Gibson guitar pot dating
If the pot is an original, it indicates a date before which the guitar could not have been built – so it’s always a good idea to have extra reference material around.Finally, a word of caution: This method applies only to American made pots and not all potentiometer manufacturers subscribed to the EIA source code date.The EIA assigns each manufacturer a three-digit code (there are some with one, two or four digits).When dating an instrument by the ‘pot code,’ keep two things in mind: The potentiometers must be original to the piece (new solder, or a date code that is off by ten or more years is a good giveaway to spot replacement pots); and the pot code only indicates when the potentiometer was manufactured!Please post any comments, particularly bugs in the user feedback section.
Factory Order Numbers (FON) with a letter from 1935 to 1941.
You can read on the bottom of the pots of these guitars 128KΩ or 250KΩ with a 3-digit number.

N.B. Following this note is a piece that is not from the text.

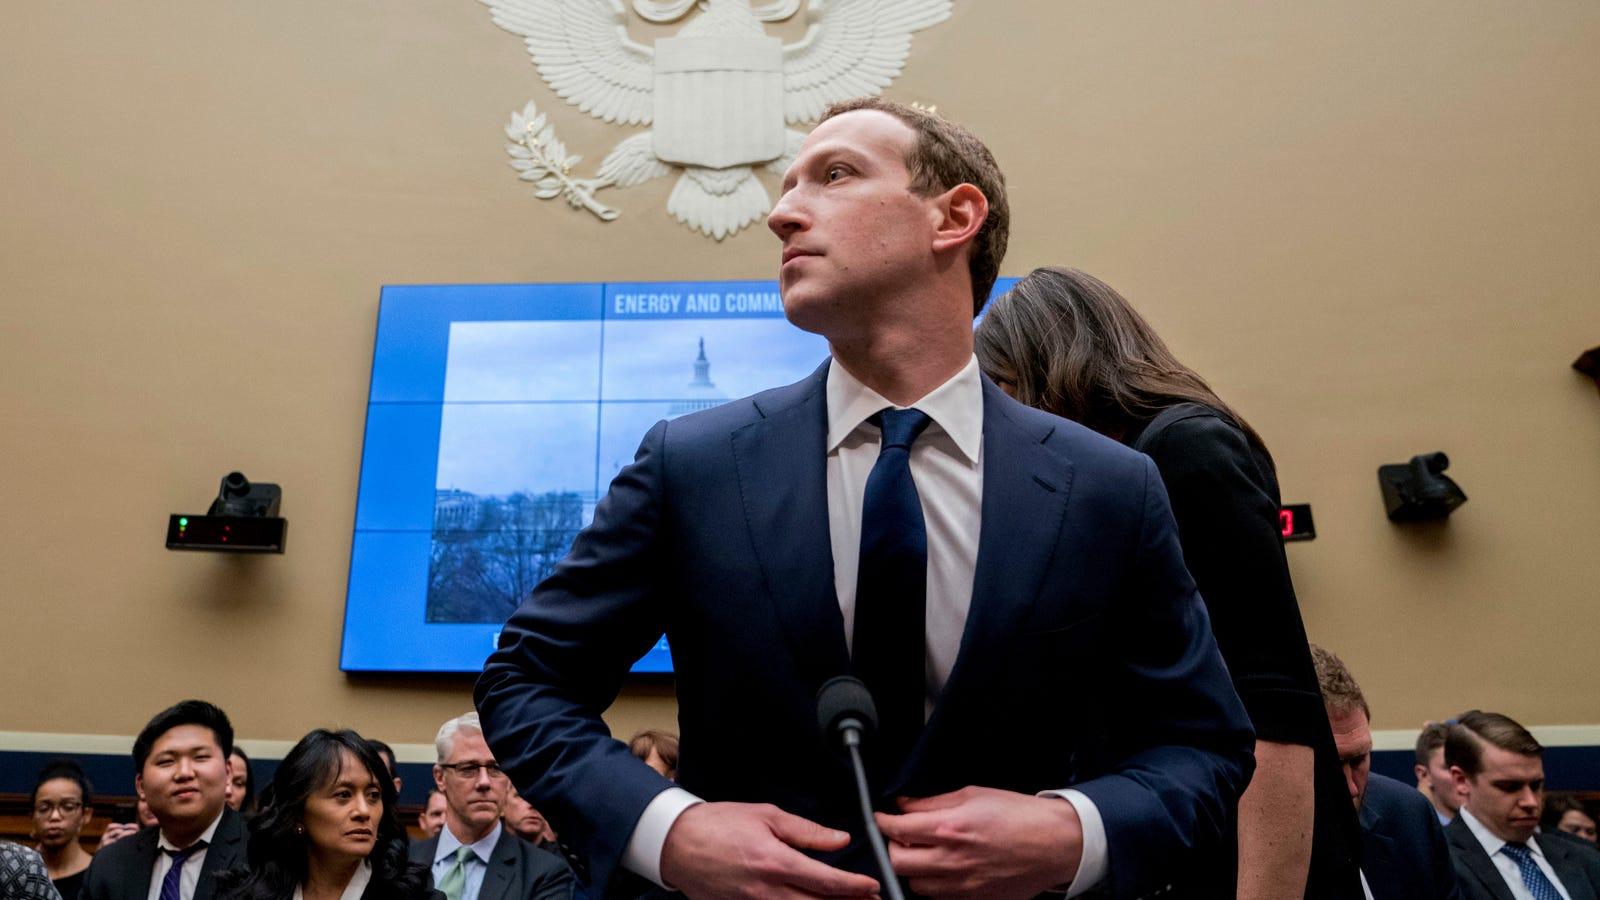 Facebook Spent 20 Million On Relatable Guy Mark
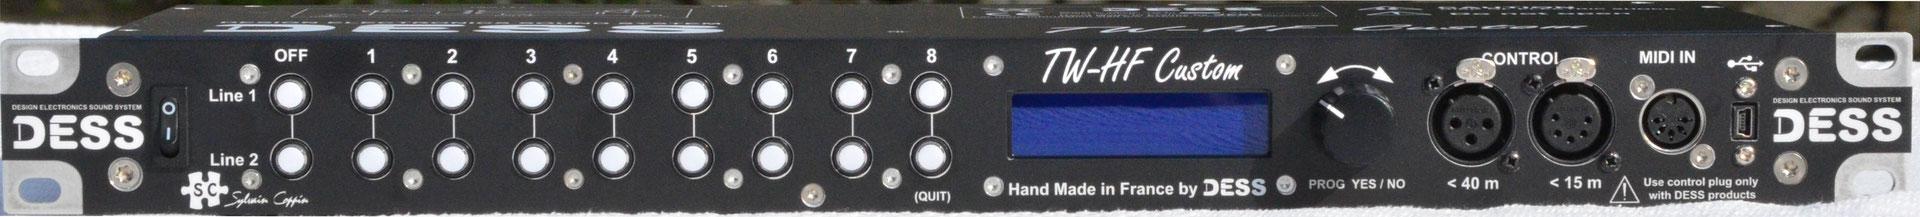 TW-HF Rackmount, Sélécteur symétrique, Midi, Switching, System, HF, dess, sélecteur basse impédance, Scène Pro

Here too, the first digit is the last digit of the year and the second and third digit the week.
Sometimes there is a space or dash between the manufacturer code and the year/week code.
The potentiometers (pots) on the guitar offer a possibility to date the age by their source code.Stamped on every potentiometer (volume and tone pots) is a six- or seven-digit source code that tells who made the pot, as well as the week and the year.